Google ADK: Memory as a system process
soul.py: Memory as a file primitive

Let’s break down what that means.


The Core Philosophy

Google ADK: Active Consolidation

Google’s agent runs as a daemon. It watches a folder for incoming files, processes them into structured memories, and periodically consolidates — finding connections between memories like the human brain does during sleep.

        Incoming Files


    ┌─────────────────┐
    │  IngestAgent    │───▶ SQLite
    └─────────────────┘

              │ (every 30 min)

    ┌─────────────────┐
    │ConsolidateAgent │───▶ Cross-references
    └─────────────────┘


    ┌─────────────────┐
    │  QueryAgent     │◀─── User questions
    └─────────────────┘

The key insight: memory is processed proactively, not just when you query. The system is always working in the background, building connections you haven’t asked for yet.

soul.py: Smart Retrieval

soul.py takes the opposite approach. Memory is just a markdown file (MEMORY.md). Nothing runs in the background. When you ask a question, the system retrieves what it needs using either:

  • RAG (vector search) for focused lookups
  • RLM (recursive synthesis) for exhaustive queries
        User Query


    ┌─────────────────┐
    │     Router      │ (FOCUSED or EXHAUSTIVE?)
    └─────────────────┘

     ┌───────┴───────┐
     ▼               ▼
┌─────────┐    ┌─────────┐
│   RAG   │    │   RLM   │
│(vector) │    │(chunks) │
└─────────┘    └─────────┘
     │               │
     └───────┬───────┘

    ┌─────────────────┐
    │    MEMORY.md    │ (plain text)
    └─────────────────┘

The key insight: retrieval is intelligent, not storage. The file is dumb. The query path is smart.


Architecture Comparison

AspectGoogle ADKsoul.py
Runtime modelAlways-on daemonStateless per-call
StorageSQLite (structured)Markdown (human-readable)
ProcessingProactive (background)Reactive (on-demand)
ConsolidationAutomatic (timed)Manual or none
IdentityNoneSOUL.md defines persona
Multimodal✅ Images, audio, video, PDF❌ Text only
LLM ProviderGemini onlyAny (Anthropic, OpenAI, Gemini, local)
Cost model24/7 inferencePay per query
Git-friendly❌ Binary DB✅ Diffable text

Code Walkthrough

Google ADK: The Consolidation Loop

This is the heart of Google’s approach — a timer that runs every 30 minutes:

async def consolidation_loop(agent: MemoryAgent, interval_minutes: int = 30):
    """Run consolidation periodically, like sleep cycles."""
    while True:
        await asyncio.sleep(interval_minutes * 60)
        
        # Check if there's enough to consolidate
        db = get_db()
        count = db.execute(
            "SELECT COUNT(*) FROM memories WHERE consolidated = 0"
        ).fetchone()["c"]
        
        if count >= 2:
            # Find connections between memories
            result = await agent.consolidate()

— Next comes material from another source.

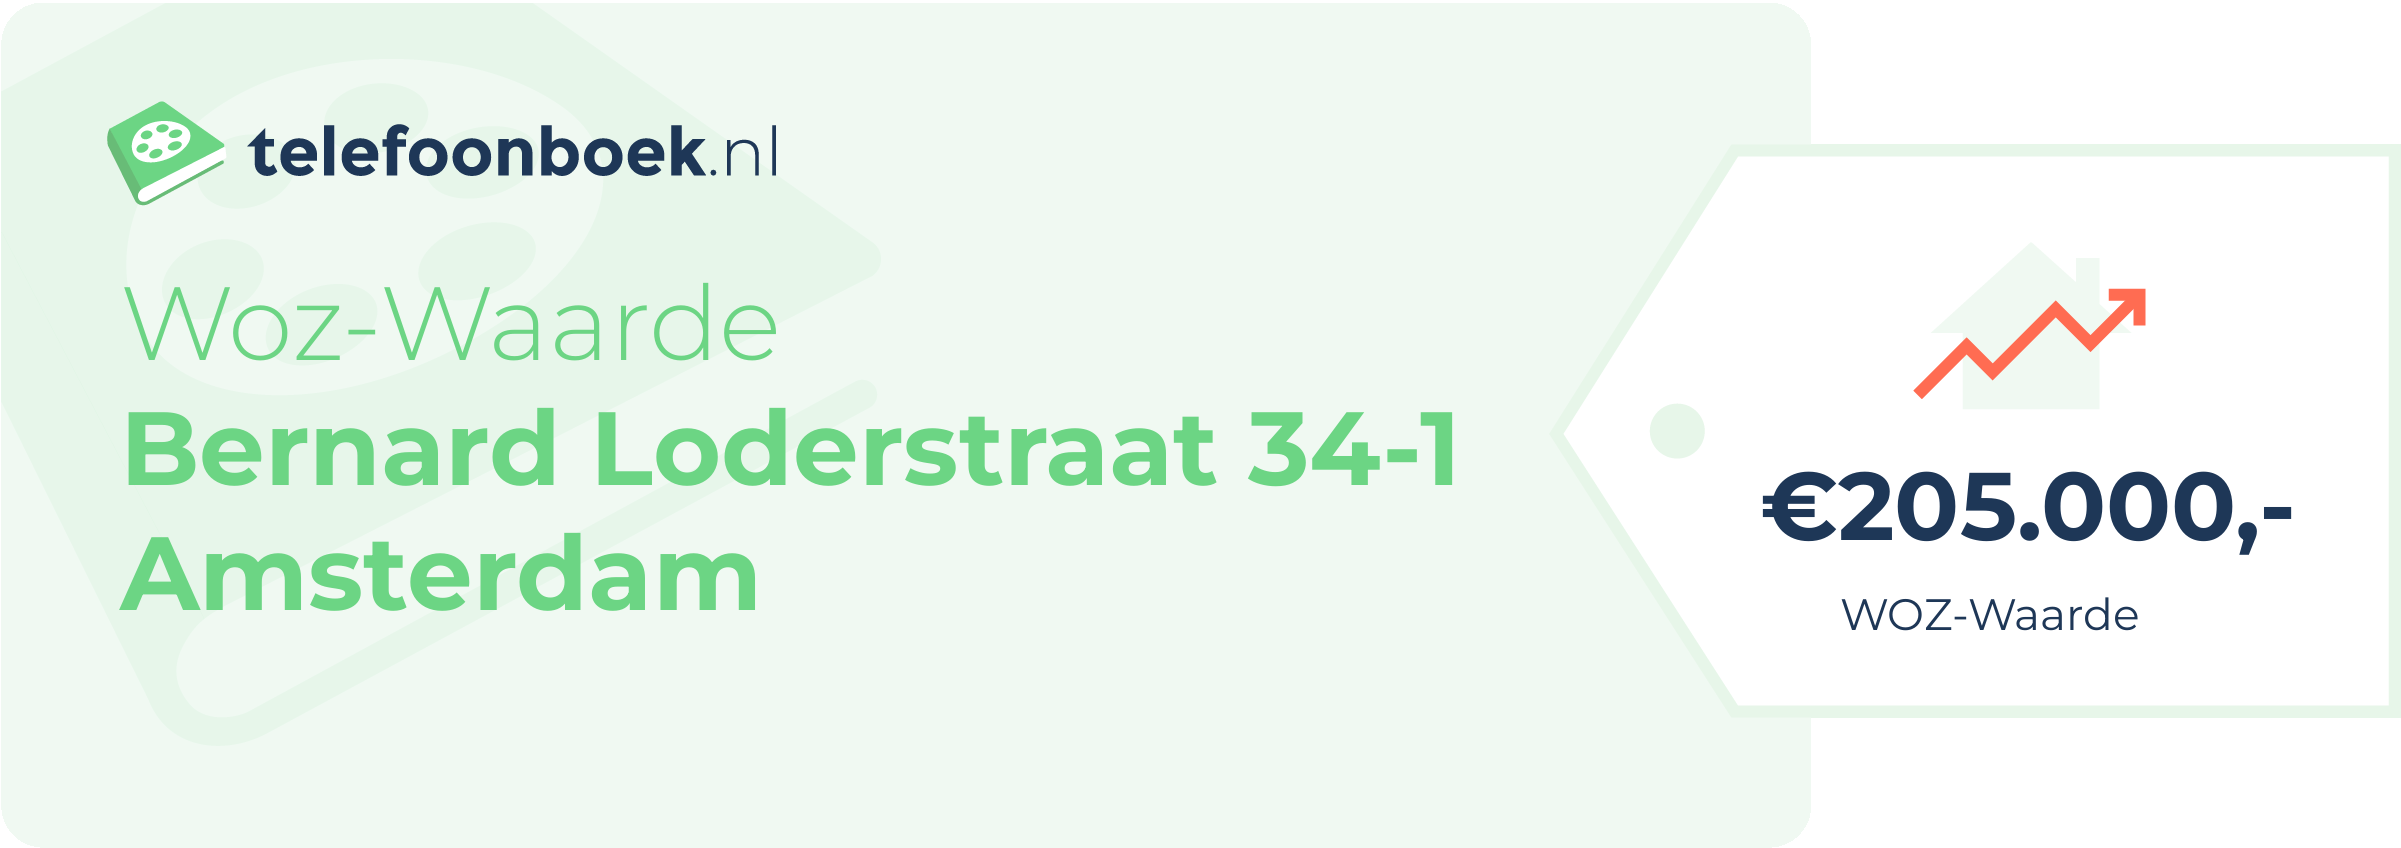 WOZ-waarde Bernard Loderstraat 34-1 Amsterdam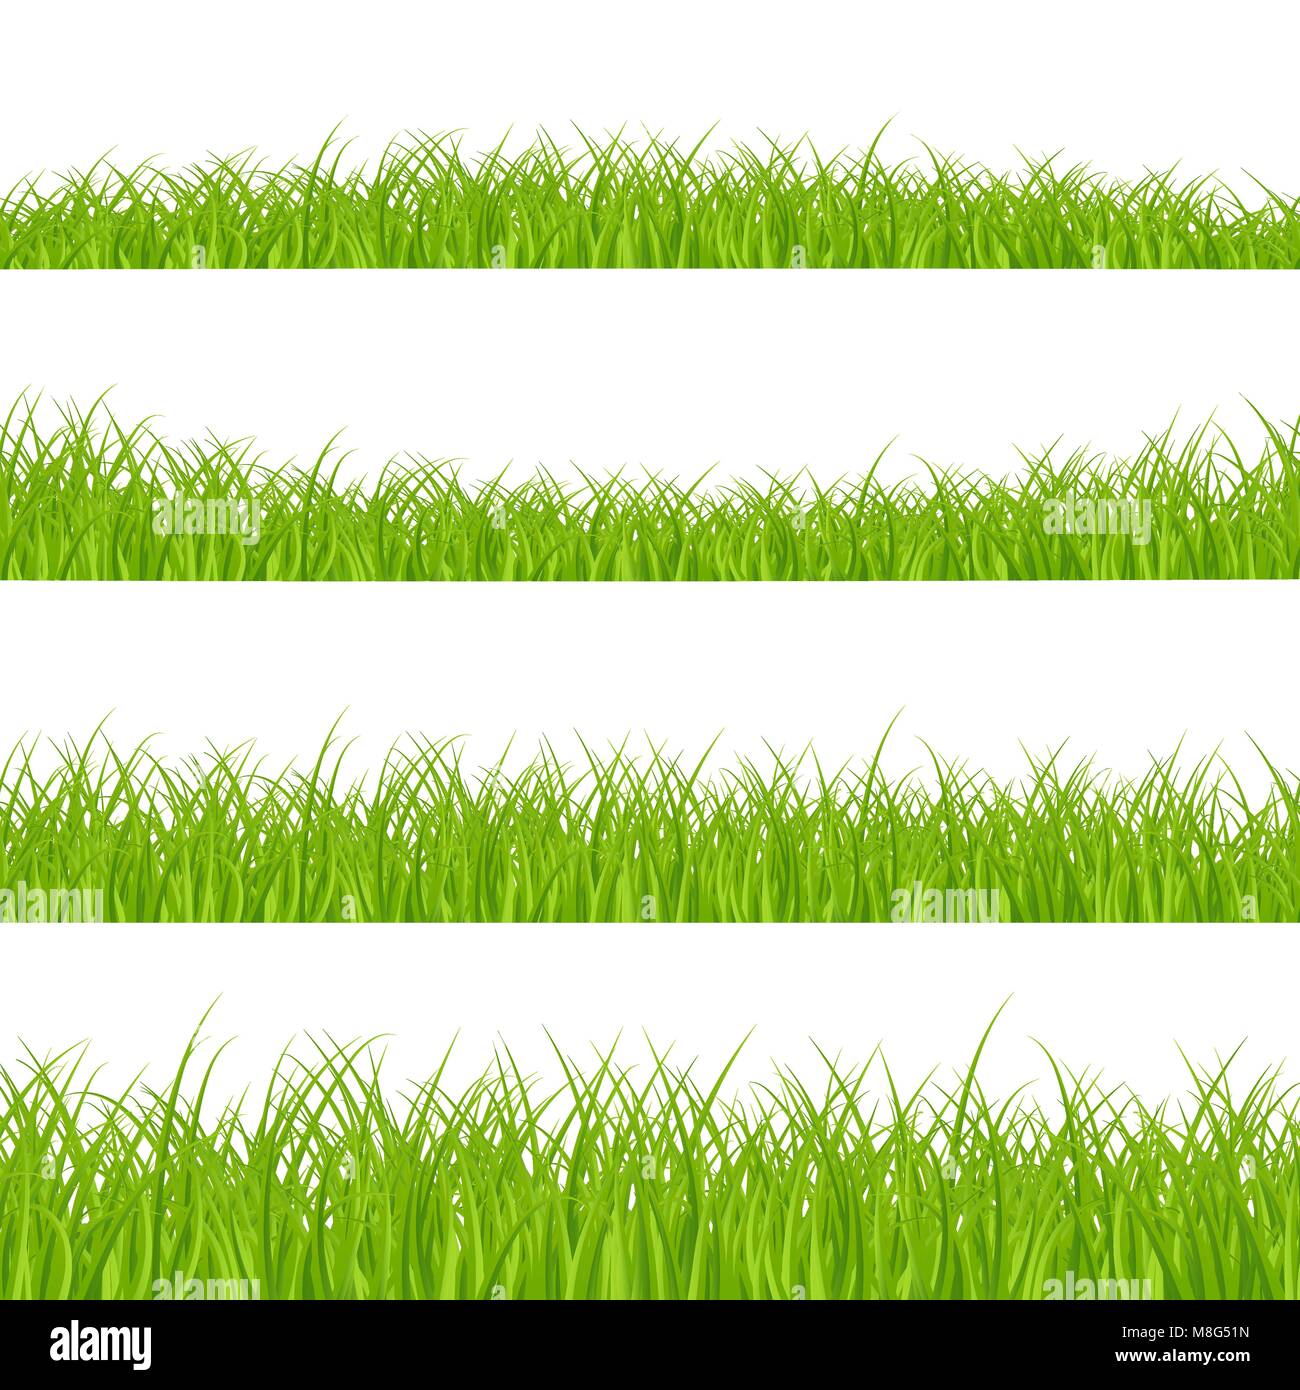 Définir les frontières de l'herbe. Panorama de l'usine d'herbe. Frontière d'herbe ou de l'image. Vector illustration isolé sur fond blanc Illustration de Vecteur

The ConsolidateAgent then does the real work:

consolidate_agent = Agent(
    name="consolidate_agent",
    model="gemini-3.1-flash-lite-preview",
    instruction="""
    You are a Memory Consolidation Agent. You:
    1. Call read_unconsolidated_memories to see what needs processing
    2. Find connections and patterns across the memories
    3. Create a synthesized summary and one key insight
    4. Call store_consolidation with source_ids, summary, insight, and connections
    
    Think deeply about cross-cutting patterns.
    """,
    tools=[read_unconsolidated_memories, store_consolidation],
)

Example output from consolidation:

Memory #1: "AI agents are growing fast but reliability is a challenge"
Memory #2: "Q1 priority: reduce inference costs by 40%"
Memory #3: "Current LLM memory approaches all have gaps"

                    ▼ ConsolidateAgent
    ┌─────────────────────────────────────────────┐
    │ Connections:                                │
    │   #1 ↔ #3: Agent reliability needs better   │
    │            memory architectures             │
    │   #2 ↔ #1: Cost reduction enables scaling   │
    │            agent deployment                 │
    │                                             │
    │ Insight: "The bottleneck for next-gen AI    │
    │  tools is the transition from static RAG    │
    │  to dynamic memory systems"                 │
    └─────────────────────────────────────────────┘

soul.py: The Query Router

soul.py’s intelligence is in the router — a fast LLM call that decides which retrieval strategy to use:

ROUTER_PROMPT = """Classify this query for a memory retrieval system:
"{query}"

FOCUSED: Specific lookup (name, fact, date, single topic)
EXHAUSTIVE: Needs synthesis across many memories (patterns, summaries, all, every, compare)

Reply with exactly one word: FOCUSED or EXHAUSTIVE"""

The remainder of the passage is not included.